Lose $400 million a year!Micron announces termination of 3D XPoint business, sale of chip factory

Micron announced today that it will sell its 3D XPoint flash memory chip fab in Lehi, Utah, with plans to sell the fab by the end of 2021 and exit the 3D XPoint technology business entirely.

Micron will discontinue all further development of products based on 3D XPoint technology due to insufficient demand and insufficient market size to justify continued investment in large-scale commercialization of 3D XPoint technology. It is understood that Micron has lost $400 million in the 3D XPoint product line this year.

 Lose $400 million a year!Micron announces termination of 3D XPoint business, sale of chip factory

What kind of technology is 3D XPoint? 3D XPoint technology is a revolutionary storage technology jointly developed by Intel and Micron for 10 years. It first announced the results of its cooperation in 2015. In 2018, the two parties ended the joint development work. Micron bought out Intel’s corresponding business for $1.5 billion. . Although Intel continues to use 3D XPoint flash memory chips in its Optane product line, it relies on Micron for supply, and the supply agreement between the two parties will end at the end of this year. Micron intends to retain all of its intellectual property rights related to 3D XPoint, which will not be changed by the sale of the 3D XPoint flash chip factory. Intel will take over?

Intel makes 3D XPoint flash chips for its Optane product line in a New Mexico fab, but it’s unclear how many. Although Intel has sold the NAND flash memory business to SK Hynix, it may still take over Micron’s fab to ensure the supply of its own product lines. After all, Intel still provides related products using 3D XPoint technology in enterprise product lines such as data centers. product.

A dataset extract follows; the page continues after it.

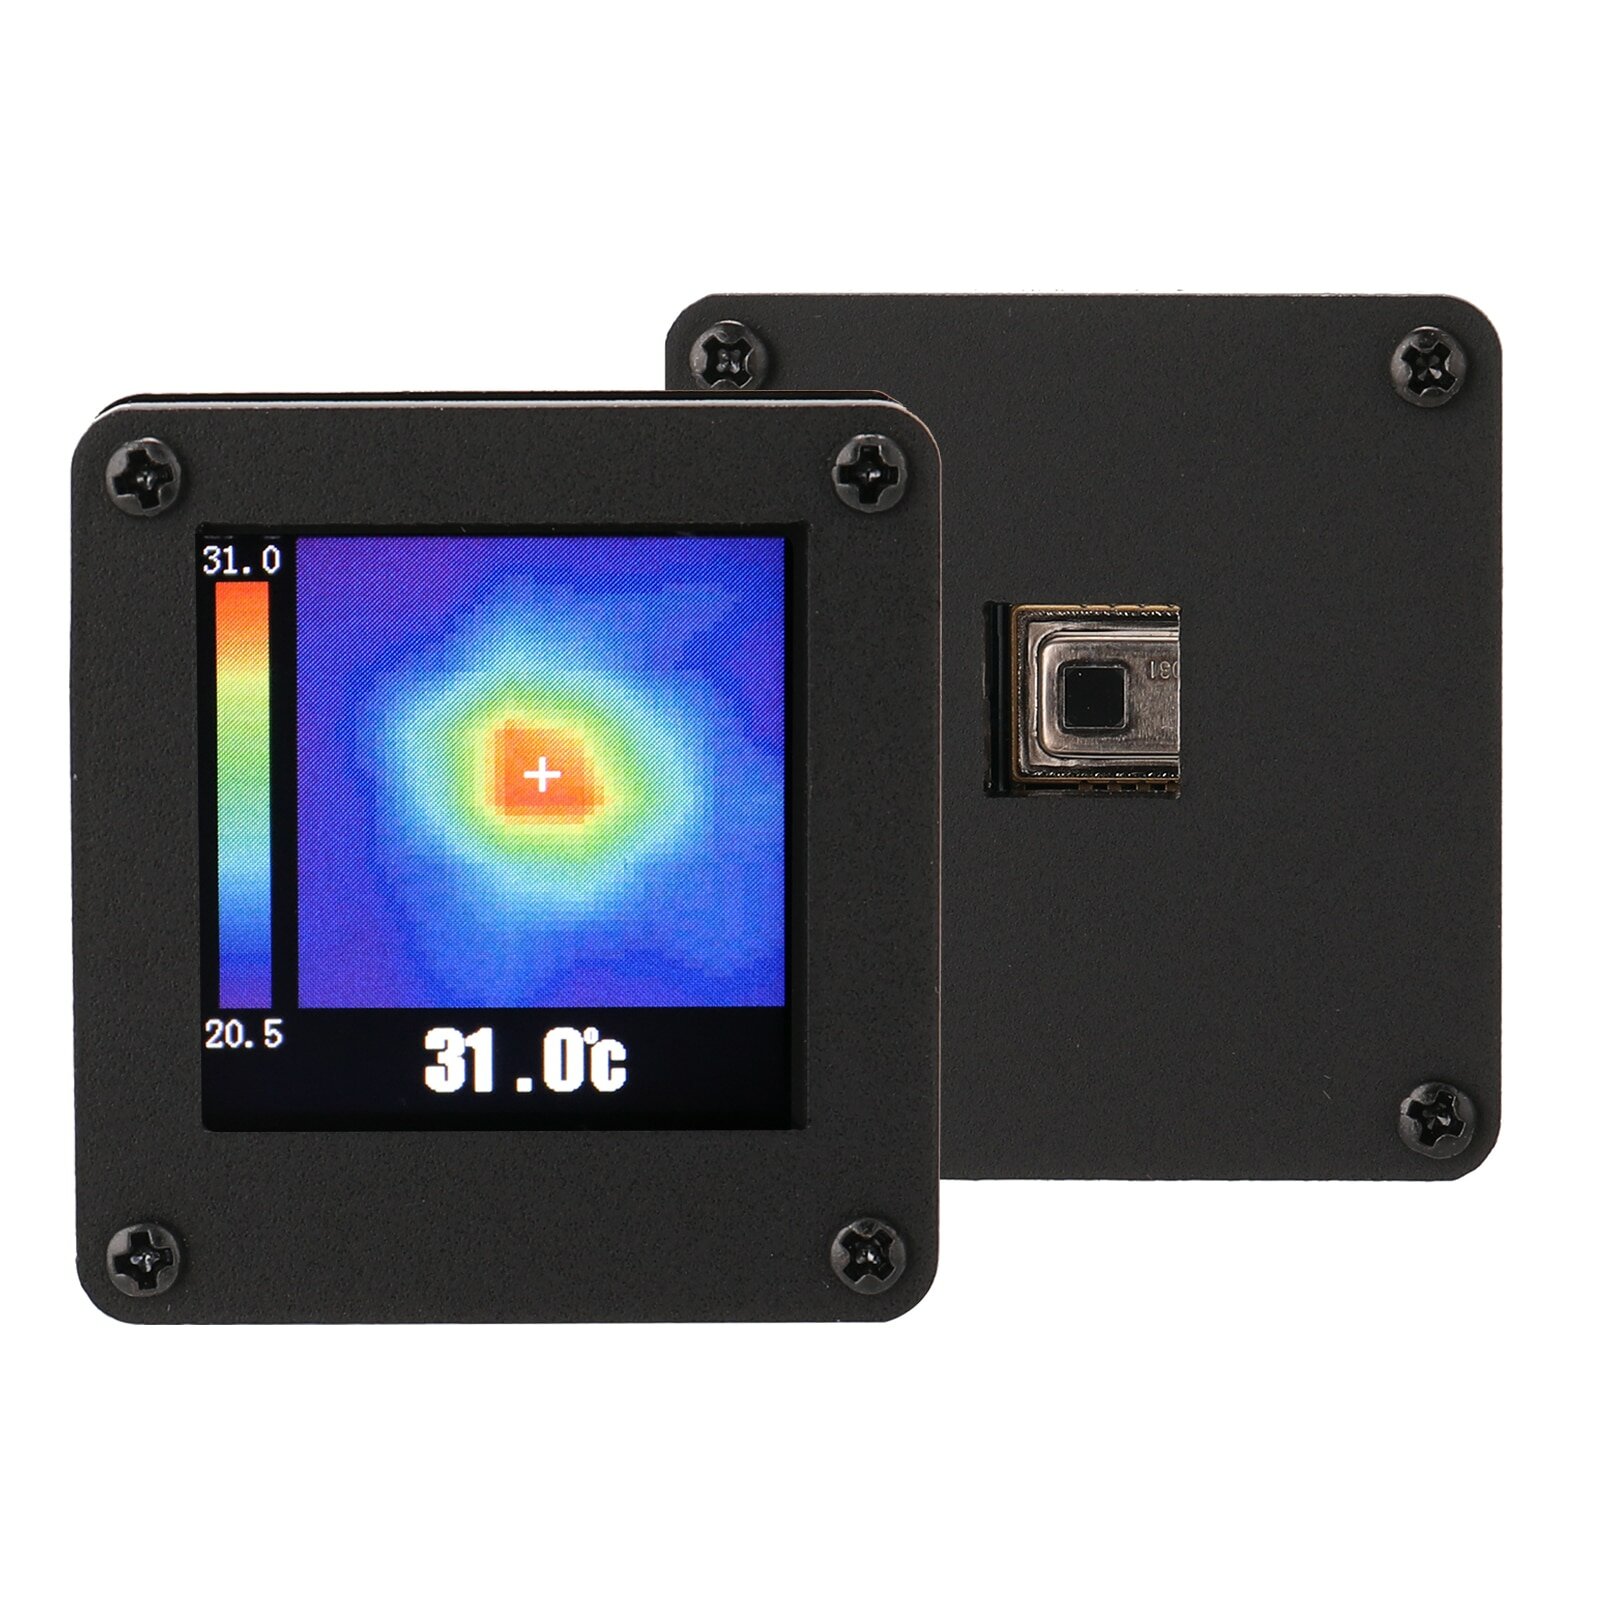 AMG8833 IR 8*8 Infrared Thermal Imager Thermograph Camera Array Temperature Sensor 7M Farthest Detection Distance with Housing
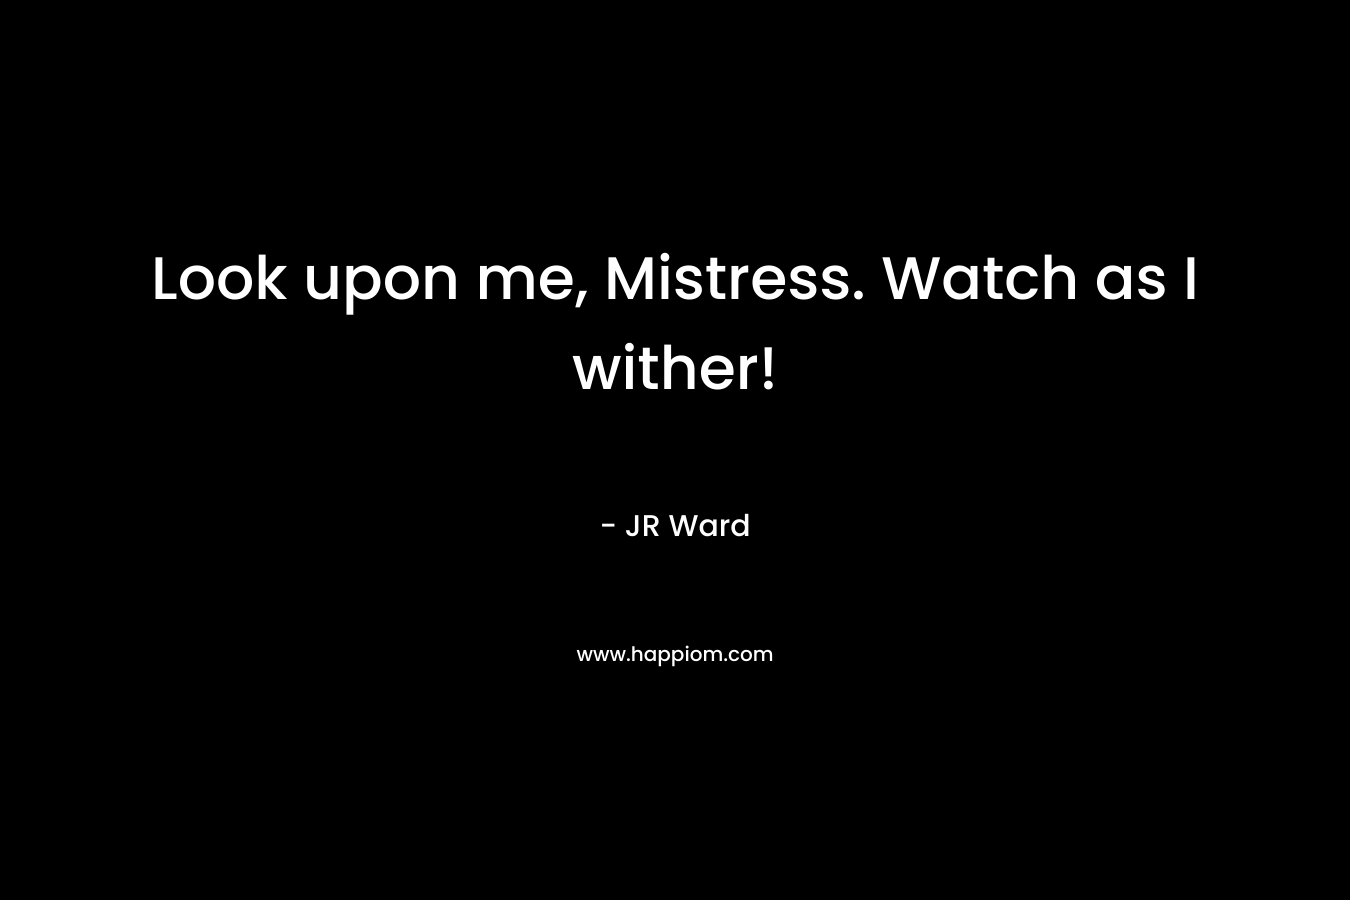 Look upon me, Mistress. Watch as I wither! – JR Ward

Micron has announced several storage devices based on 3D XPoint flash chips, such as the X100, but it has never been officially listed, making Intel the only supplier to sell products using 3D XPoint flash chips.

Micron said it will shift its focus to developing memory products that support the Compute Express Link (CXL) standard in the future. As CXL is an open memory standard, Micron plans to invest its R&D achievements and resources in 3D XPoint technology.